“I am not one of your soldiers. This is my life, mine! And you are no longer welcome in it. You or Mom. I am blocking you both. I won’t see your calls. I will not open any letters you send. If you show up here, I will call the police. You feel me now, Major General?”
My hand covers my mouth, my eyes go wide. I can’t believe I just said that to him, I don’t know where it came from. I didn’t know I had it in me. I am so grateful he can’t see me because I am shaking like a leaf, despite the gangster words my lying mouth spews forward.
“Emily!”
I say nothing, and he shouts my name again.
“Goodbye, Dad.”
I disconnect the call, and I block him.
I block my mother.
I don’t block Cole.
My traitorous fingers won’t physically push the buttons, and I hate myself that I can’t do it. My fingers grip the cell phone until I think I might crack the screen, and then I scream and spike it into the carpet.
Cole may have been able to flex his shoulders and take a deep breath after twenty-four hours of wallowing, shrug it all off at the final hour.
But for me? Hour twenty-five brings only rage, anger, and an unbridled sense of betrayal.
Twenty Seven
Suzuka Circuit, Japan
Cole
“I can’t tell you how glad I am to have you back, man,” I clap Edmund on the back and take a seat on the outdoor loveseat atop our motorhome in Japan. Liam and Dante are both here, too, welcoming Edmund back to his first race since he took leave.
“Well, after Singapore, it was clear I’m still needed here,” he laughs.
He’s lost a bit of weight and looks tired, his complexion is pale, but we’re all beyond thrilled that he had a nasty case of walking pneumonia and not lung cancer.
It’s taking the sting off, just a smidgen, from the fact that Emily isn’t in the garage this weekend. I expected as much, she’s a runner, as much as she wants to believe that I’m the one who does the leaving.
Every argument or fight we had in the past, she’d run. And if she didn’t run, she’d retreat back inside of herself, which was just as bad. I think she figured if she ran away from the situation, she couldn’t possibly be bad at something or fail at it.
I feel Edmund staring at me while I gaze off into the distance. He purses his lips, “I didn’t tell her, but she knows how she got the job.
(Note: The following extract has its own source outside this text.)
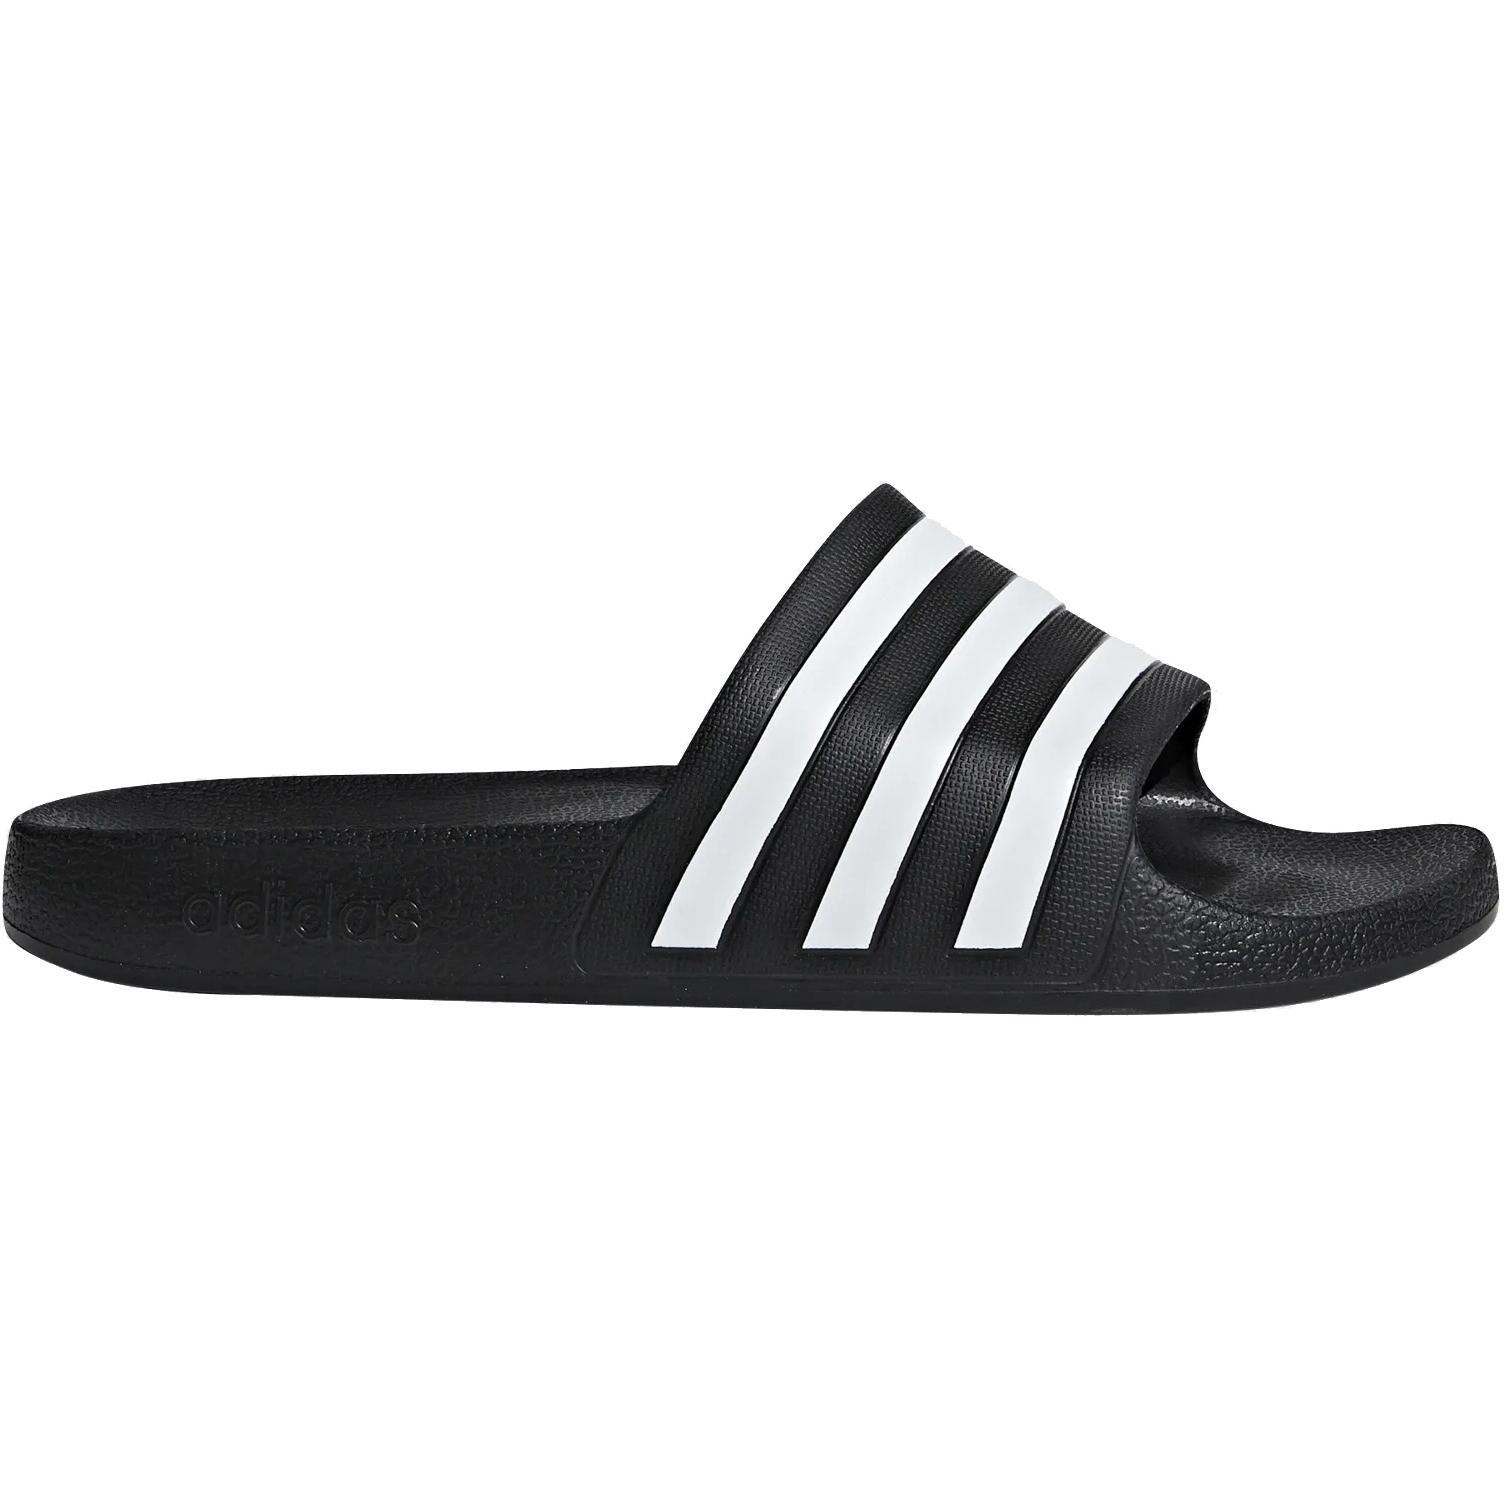 Foto de adidas Adilette Aqua Slides Bathing Shoes - core black/cloud white/core black F35543

HR told her when she put in for leave.”
I nod. “I know,” I tell him while Dante and Liam sit silent, pretending this isn’t awkward as hell. I’ve dragged them all into our mess, begrudgingly.
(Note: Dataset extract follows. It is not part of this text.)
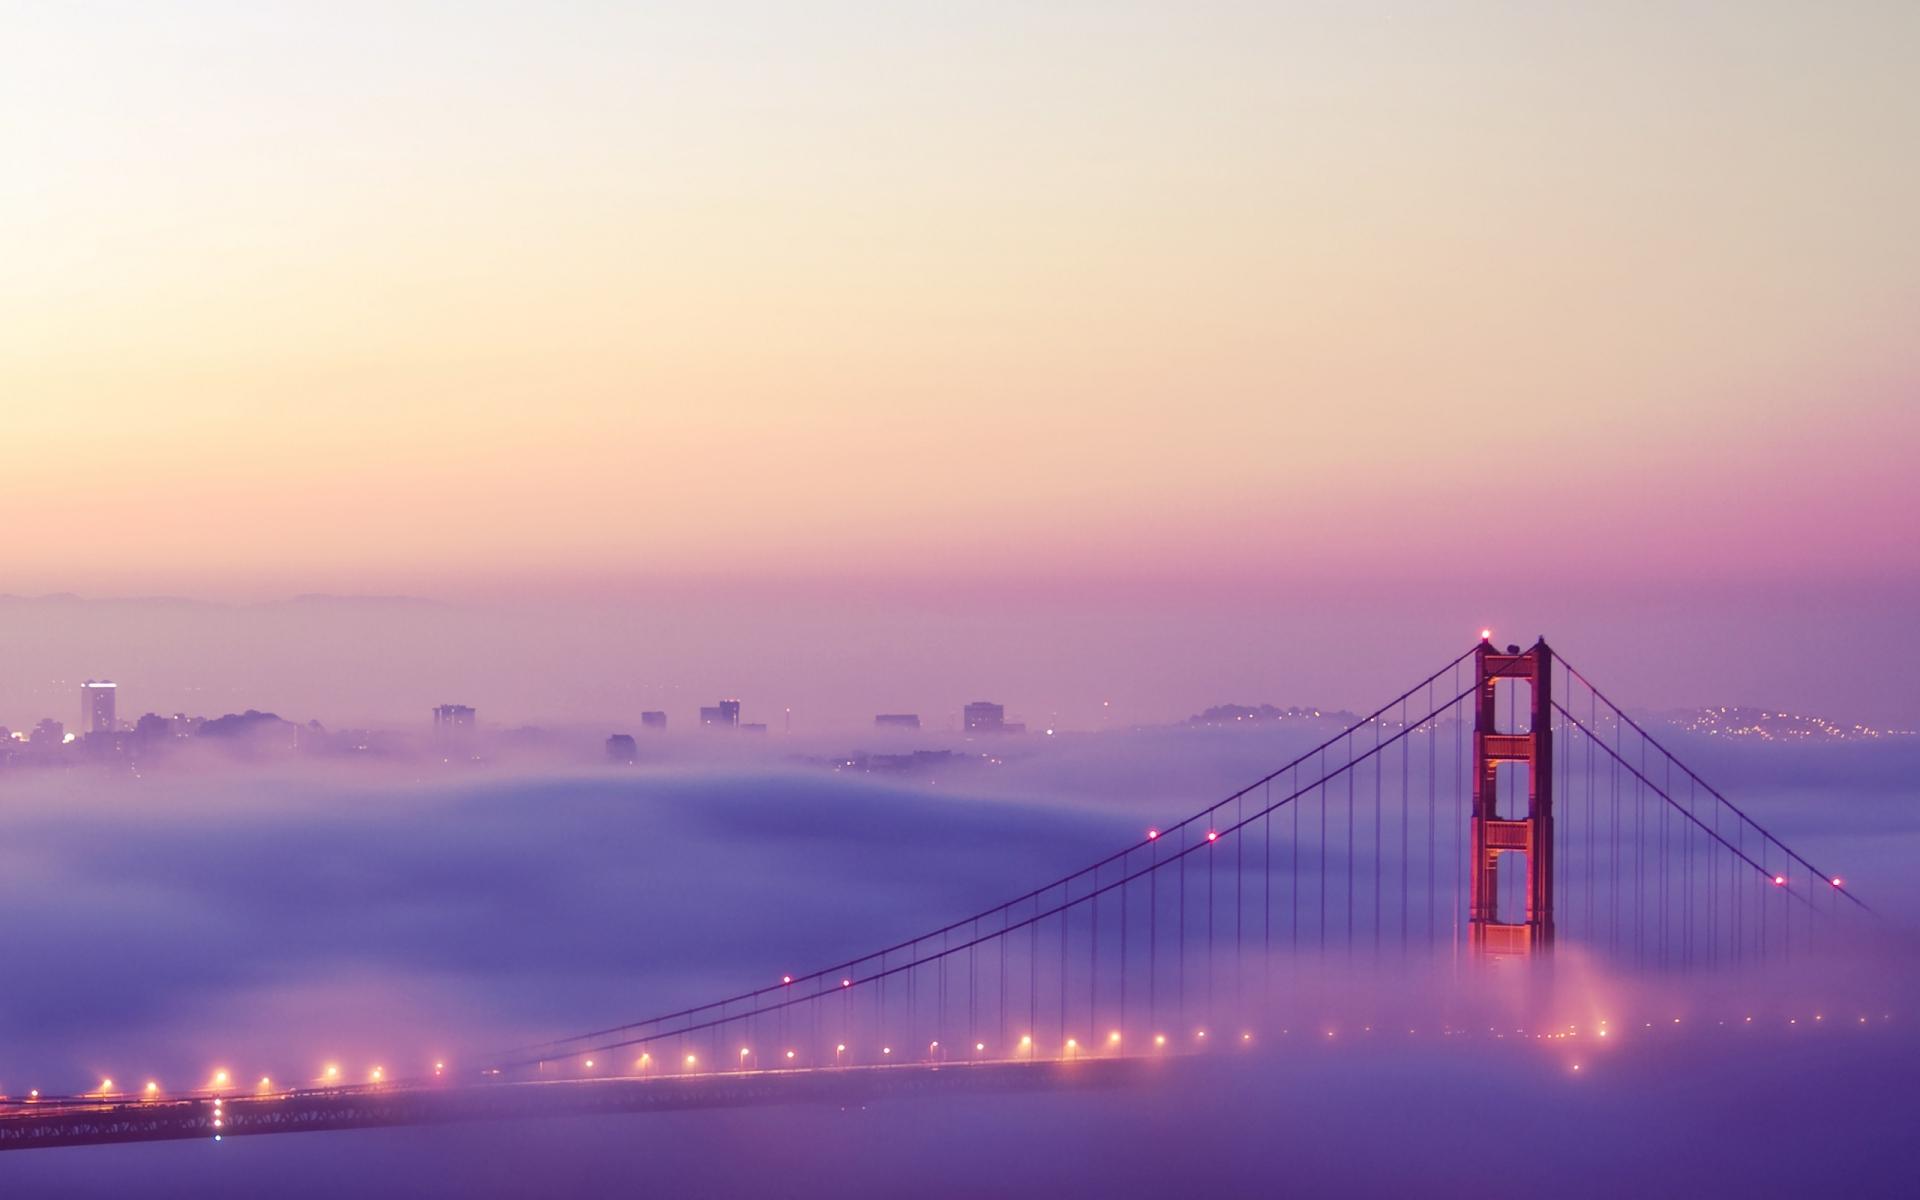 Картинки Сан-Франциско, туман, огни, мост фото и обои на рабочий стол

Dante showed up unannounced at my apartment, like he’s prone to doing, and saw the state I was in. If I wasn’t drunk out of my mind, I don’t know if I would have ever told him.
But I did, he knows everything.
We’ve been roommates, we’ve grown up from gangly teenagers to men together. We were ignorant jackasses racing karts when we met, and now we’re both accomplished in F1. But it took this for me to spill my guts. The things I kept secret all that time poured out of me that night over bottles of bourbon.
I’m not sure how I feel about it, but I don’t feel ashamed like I thought I would. Maybe Emily broke the seal. I figured, if she didn’t judge me, others wouldn’t, either.
But beyond that, if Emily can accept me for all the baggage I come with, I don’t give a shit what anyone else thinks. As long as I have her, as long as she can love me, to hell with the opinions of others.
I am not Stan, I am not my mother. I am not the byproduct of the two of them, or their combined dysfunctions, crimes, or sins. I know it, and, as angry as I am over the shit Emily said to me, she knows it, too.
She’s hurt.
Horrible words come out of everyone’s mouths from time to time, it doesn’t mean we believe them. Like stubbing your toe against the bedpost late at night, pain lace expletives come out of all our mouths when we’re hurting.
Liam knows less. He figured out something was very wrong when I asked him to resume delivering prepped meals for me. I thought about asking him to take some to Cambridge too, knowing Emily won’t eat when she’s upset, but I didn’t want to land him in jail.